Knut Anders Hatlen commented on DERBY-2911:

> One question: what happens if the clock rotates too fast and reaches
> a synchronized (due to I/O) page? Will it have to wait for the
> synchronization to be lifted, or can the clock jump to the next page
> somehow? Since the background cleaner is used to write most of the
> pages, it (the background cleaner) could potentially be far behind
> the clock if I understand this correctly. If the clock is
> unnecessarily blocked by I/O it's game over ;)

I made a change so that instead of cleaning the page while holding the
synchronization on the cache entry, the keep count was incremented (to
ensure that the page wouldn't get evicted) and the synchronization was
dropped. This didn't change anything, though. And thinking more about
it, that makes sense, since if the clock rotates too fast, there won't
be evictable pages and it's game over anyway...

That said, I think it's a good idea to drop the synchronization while
cleaning since it will increase the concurrency (although not by much,
since the synchronization is much more fine-grained than in Clock). I
think I'll keep it as it is for now and do a cleanup of it later.

Another potential concurrency improvement for the replacement
algorithm is to protect the clock with a
java.util.concurrent.locks.ReadWriteLock instead of synchronization on
the clock.

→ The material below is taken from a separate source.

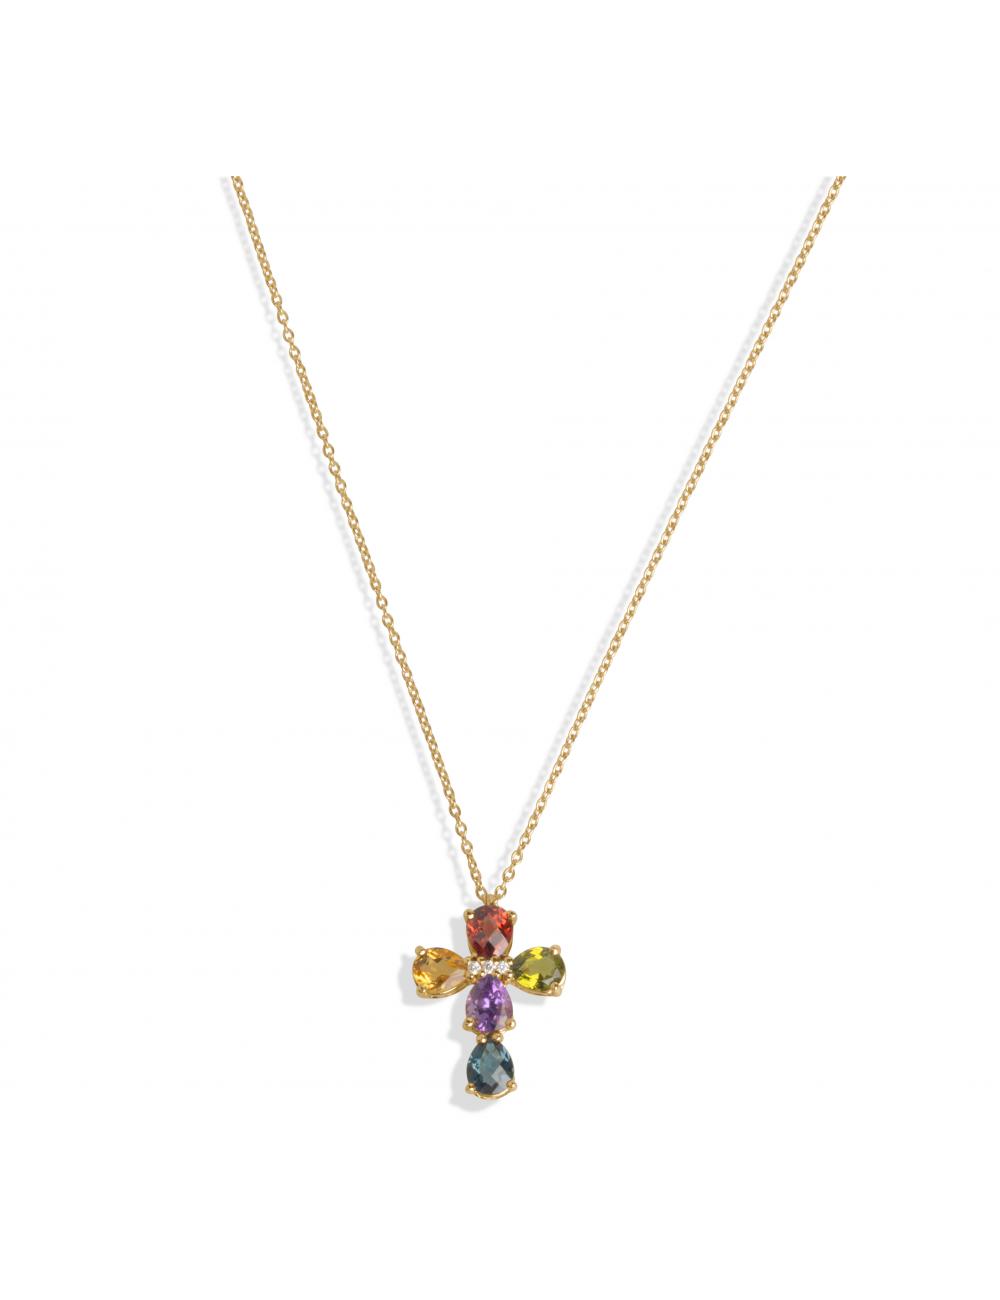 -Collar oro rosa con Brillantes, Topacio London azul, Granate, Citrino, Peridoto y Amatista -A01-50/30MIX4-43:03

Then we don't have to lock the clock structure exclusively
unless the clock needs to grow or shrink.

> Implement a buffer manager using java.util.concurrent classes
> -------------------------------------------------------------
>                 Key: DERBY-2911
>                 URL: https://issues.apache.org/jira/browse/DERBY-2911
>             Project: Derby
>          Issue Type: Improvement
>          Components: Performance, Services
>    Affects Versions:
>            Reporter: Knut Anders Hatlen
>            Assignee: Knut Anders Hatlen
>            Priority: Minor
>         Attachments: cleaner.diff, cleaner.tar, d2911-1.diff, d2911-1.stat, d2911-2.diff,
d2911-3.diff, d2911-4.diff, d2911-5.diff, d2911-6.diff, d2911-6.stat, d2911-7.diff, d2911-7a.diff,
d2911-entry-javadoc.diff, d2911-unused.diff, d2911-unused.stat, d2911perf.java, perftest6.pdf
> There are indications that the buffer manager is a bottleneck for some types of multi-user
load. For instance, Anders Morken wrote this in a comment on DERBY-1704: "With a separate
table and index for each thread (to remove latch contention and lock waits from the equation)
we (...) found that org.apache.derby.impl.services.cache.Clock.find()/release() caused about
5 times more contention than the synchronization in LockSet.lockObject() and LockSet.unlock().
That might be an indicator of where to apply the next push".
> It would be interesting to see the scalability and performance of a buffer manager which
exploits the concurrency utilities added in Java SE 5.